Problem details:
Without the pictures, repeat all of the data exactly as it appears below.

+++ Data +++

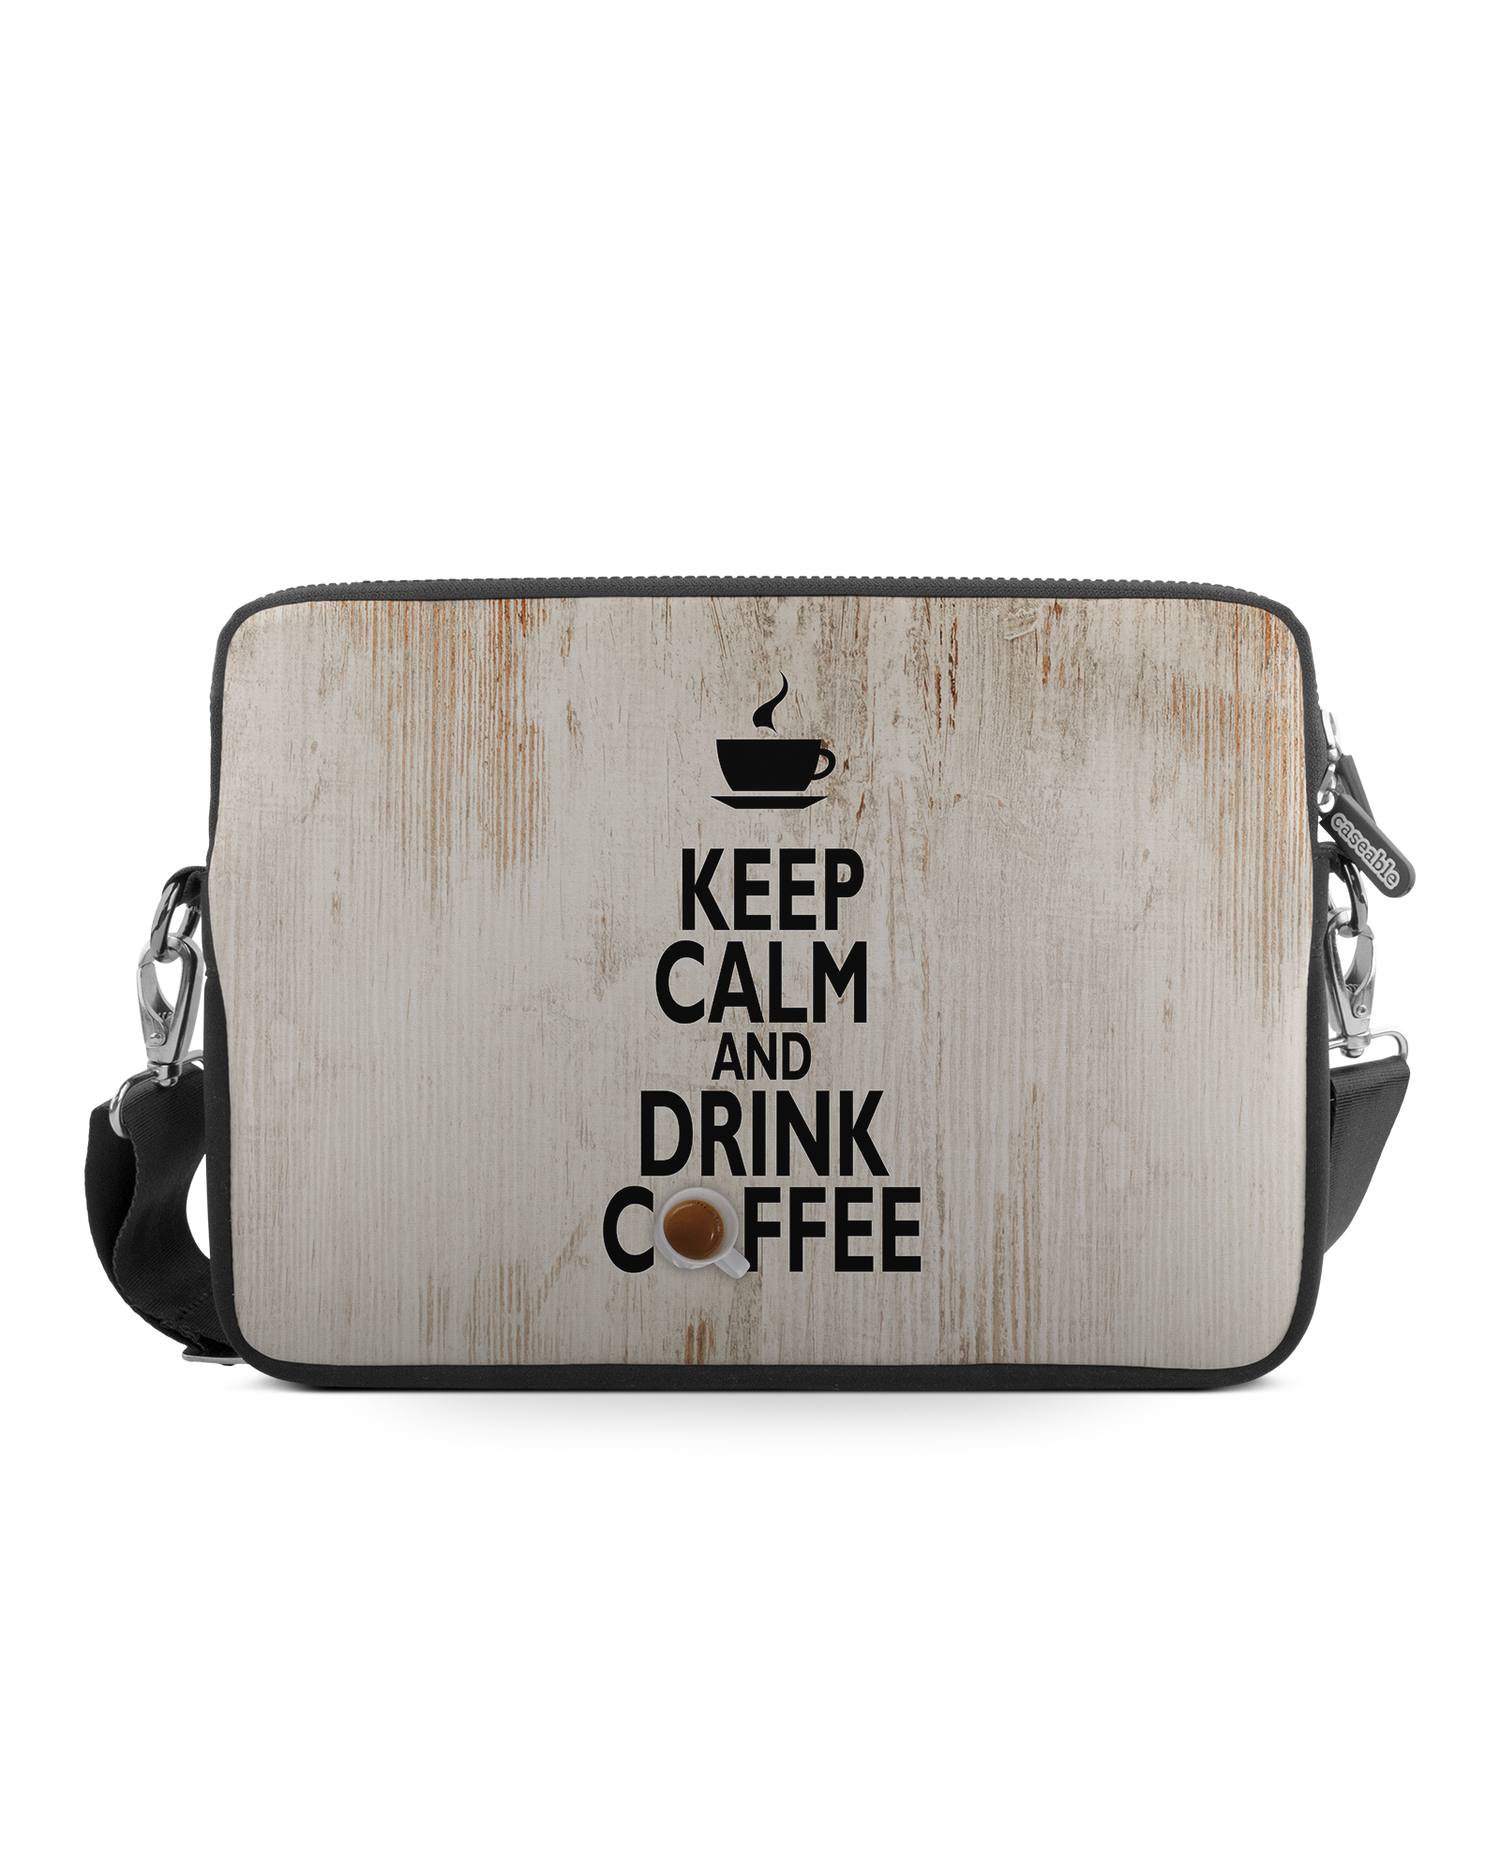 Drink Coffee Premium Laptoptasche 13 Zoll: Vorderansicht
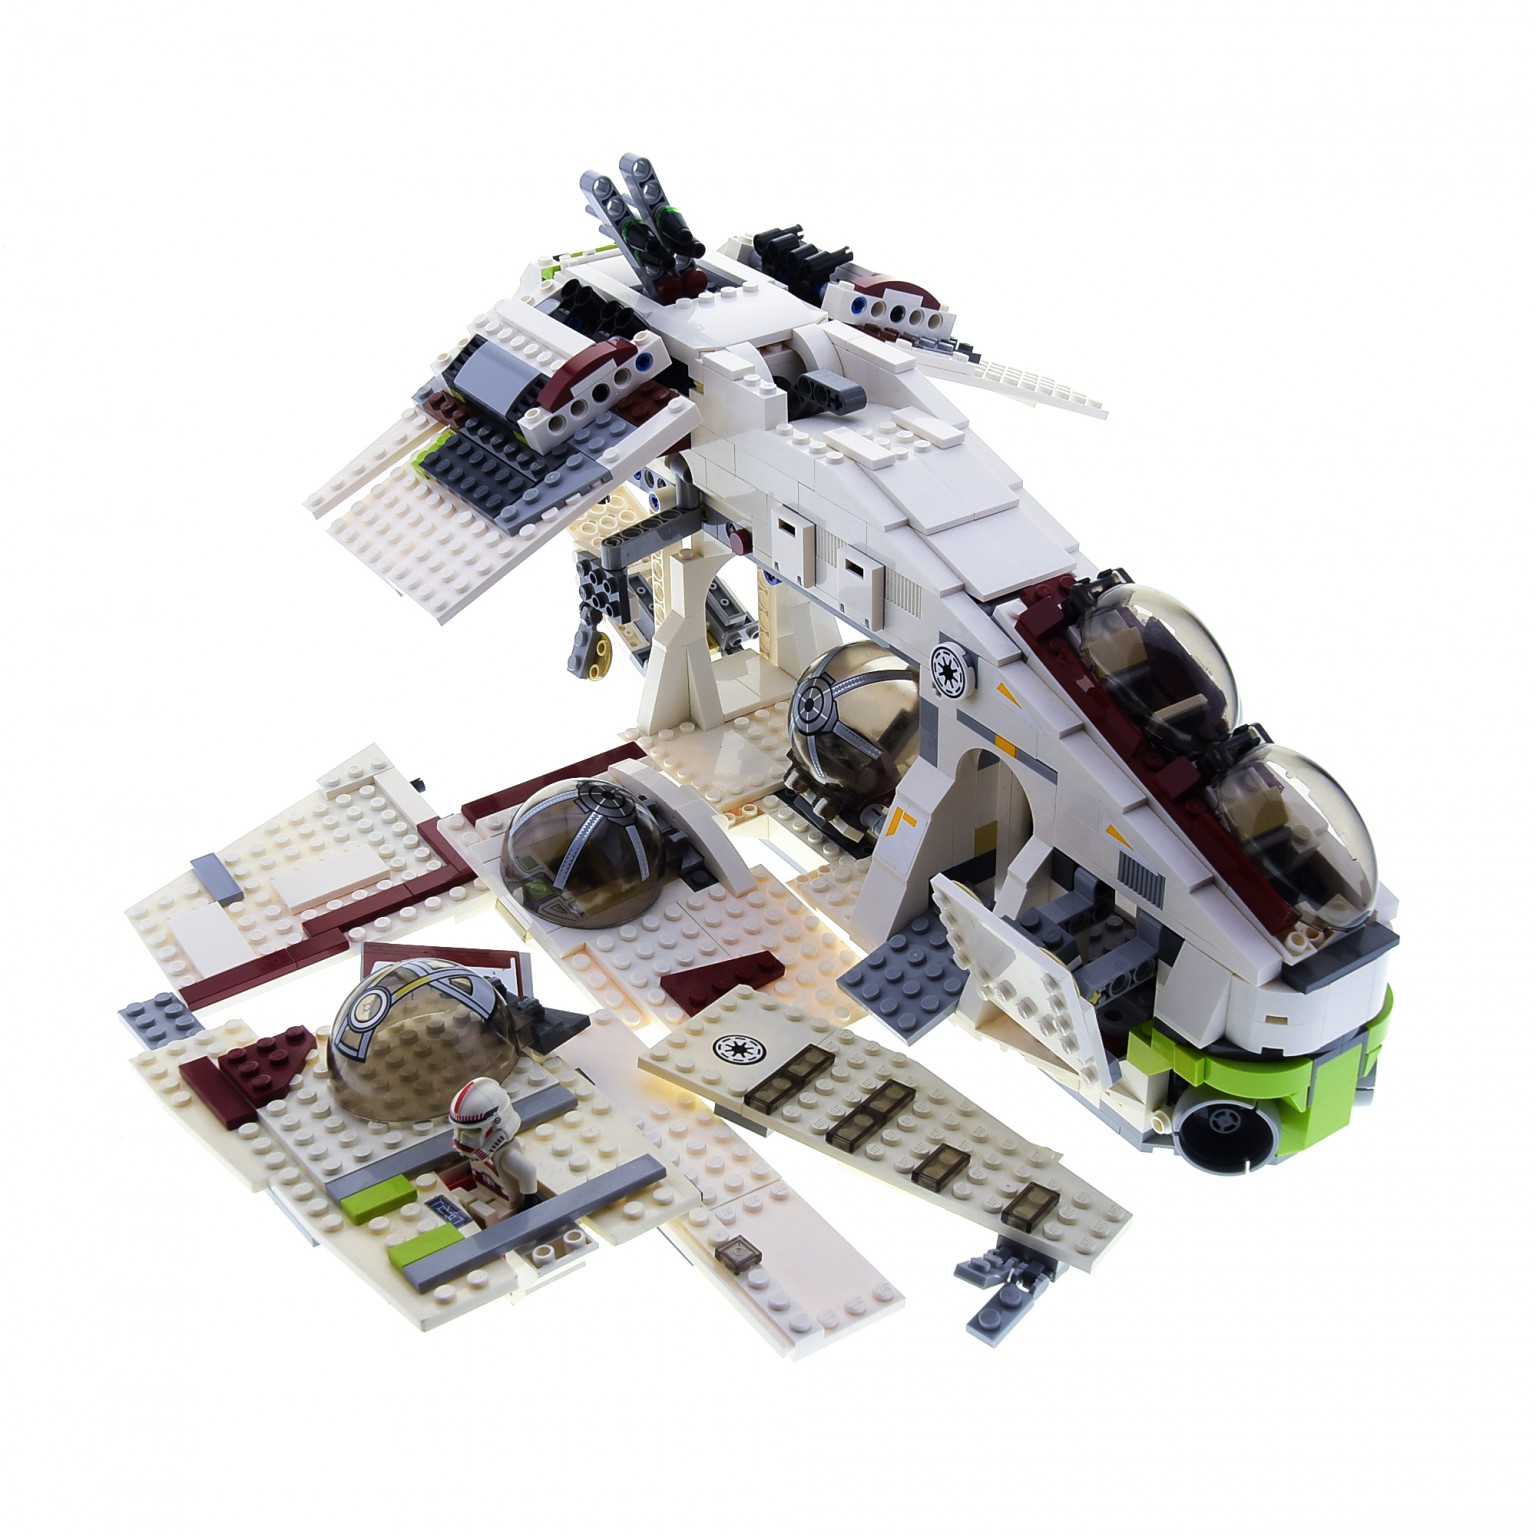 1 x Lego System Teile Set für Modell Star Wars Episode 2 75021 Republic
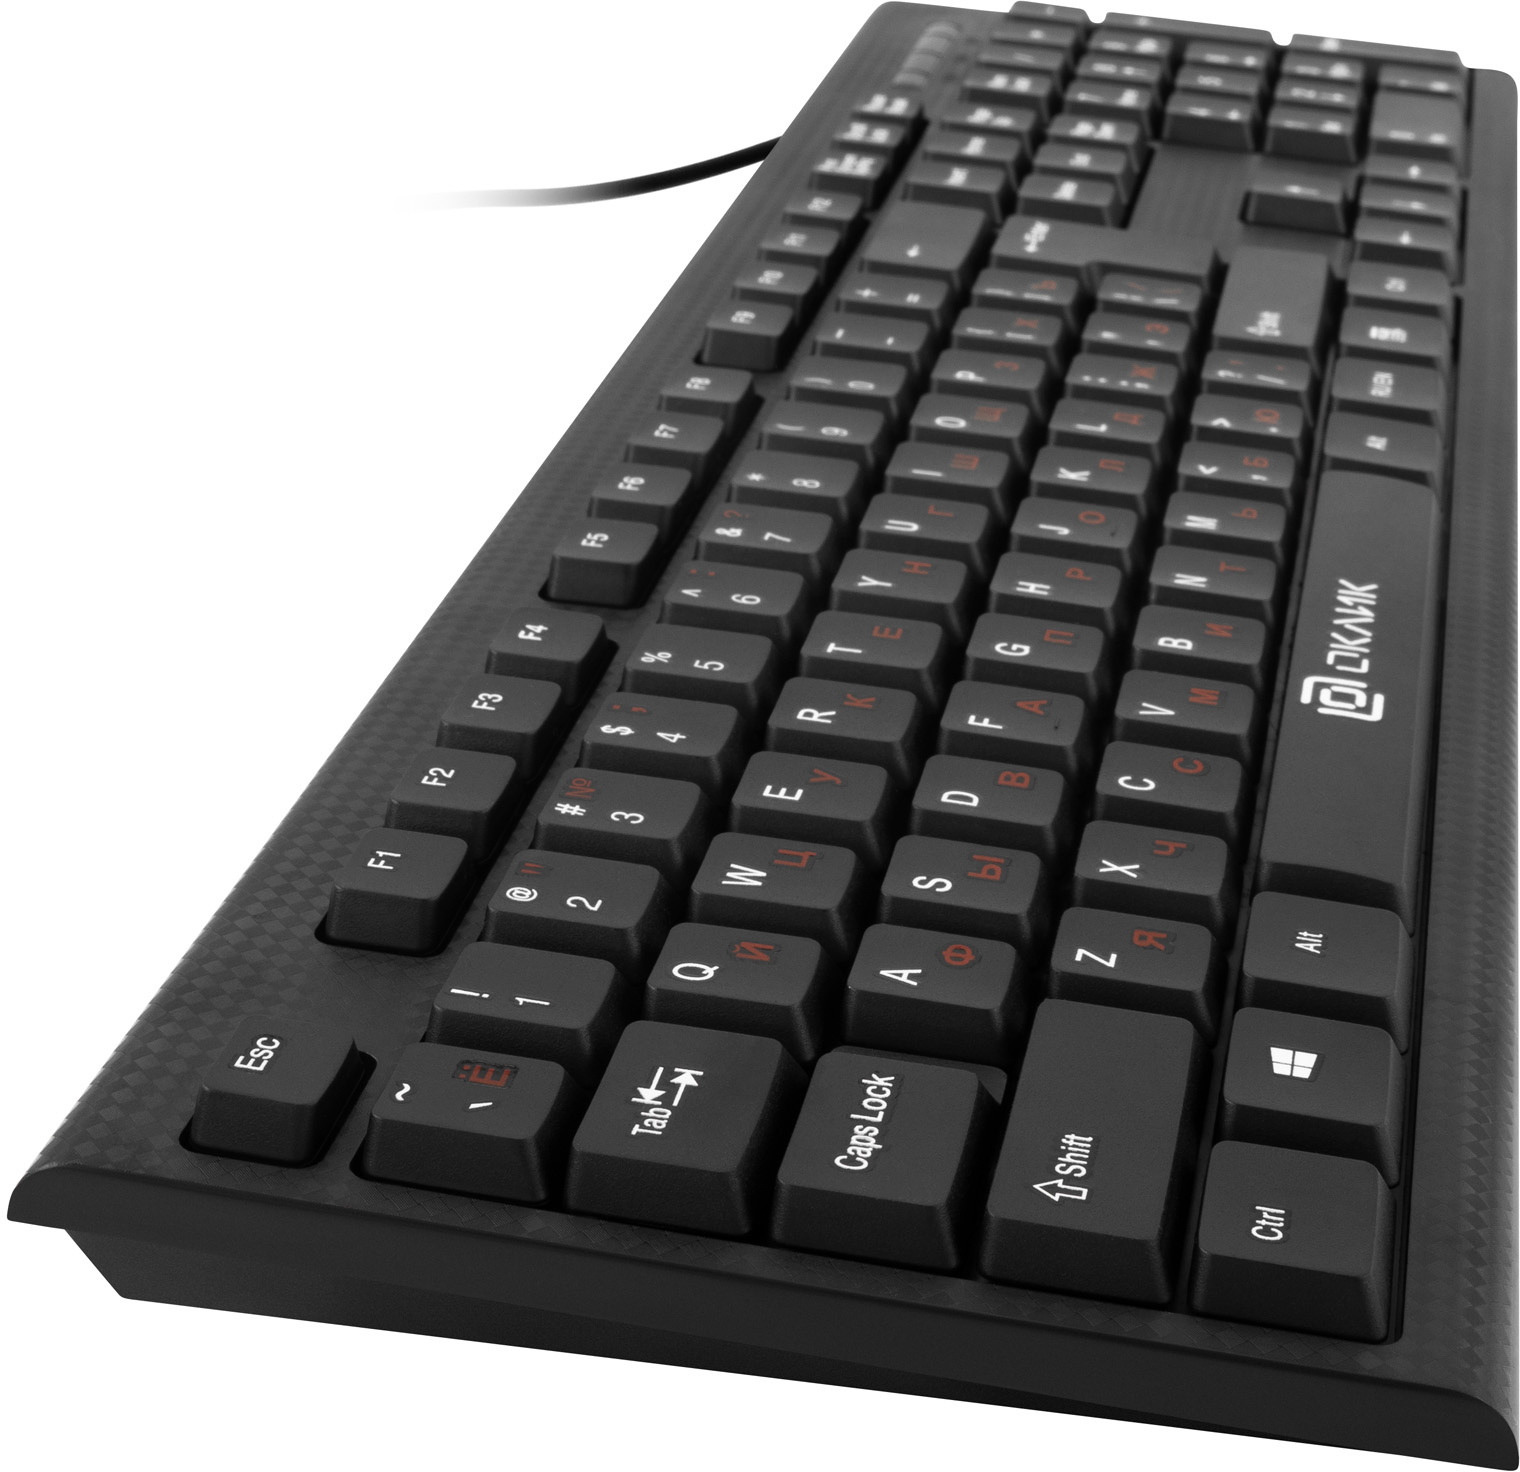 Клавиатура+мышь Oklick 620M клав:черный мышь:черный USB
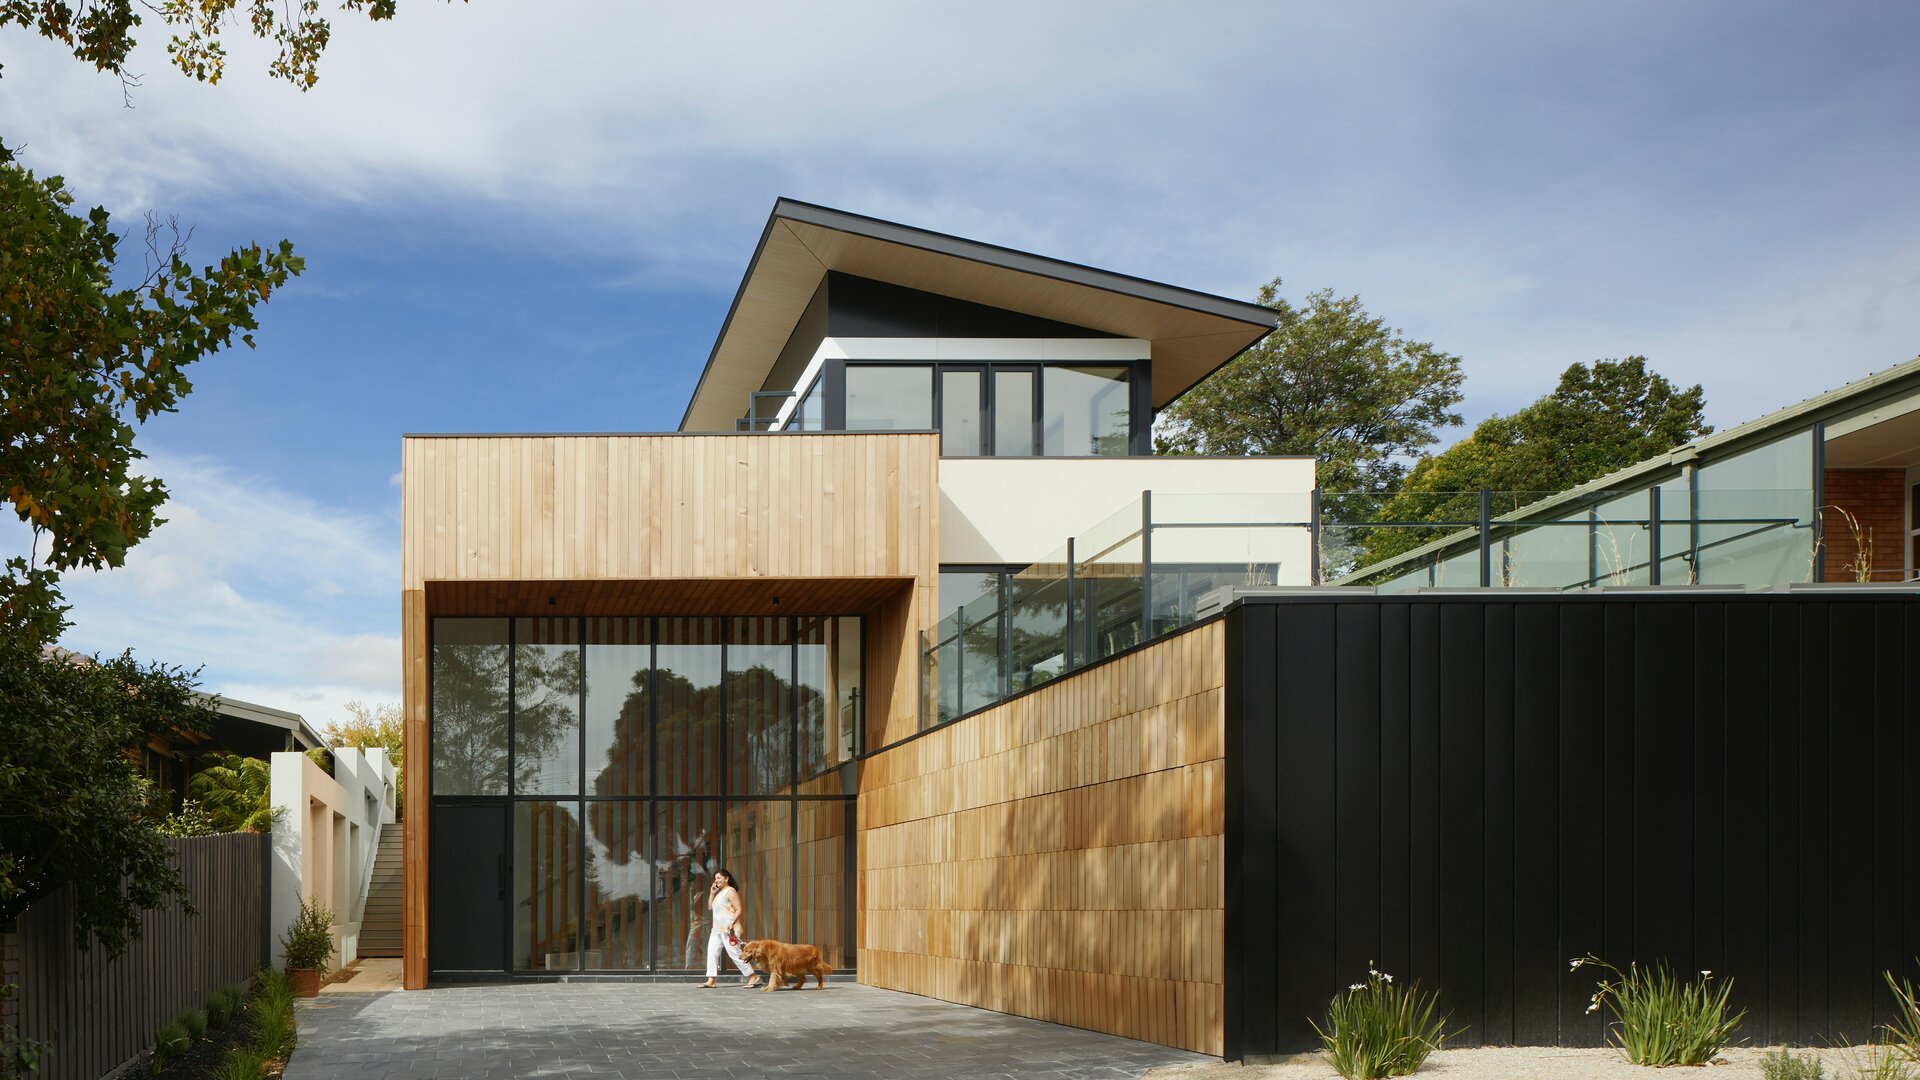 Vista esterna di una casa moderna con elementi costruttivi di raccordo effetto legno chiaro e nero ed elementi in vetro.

+++

Result of this task:
 Drink Coffee Premium Laptoptasche 13 Zoll: Vorderansicht
 1 x Lego System Teile Set für Modell Star Wars Episode 2 75021 Republic
 Клавиатура+мышь Oklick 620M клав:черный мышь:черный USB
 Vista esterna di una casa moderna con elementi costruttivi di raccordo effetto legno chiaro e nero ed elementi in vetro.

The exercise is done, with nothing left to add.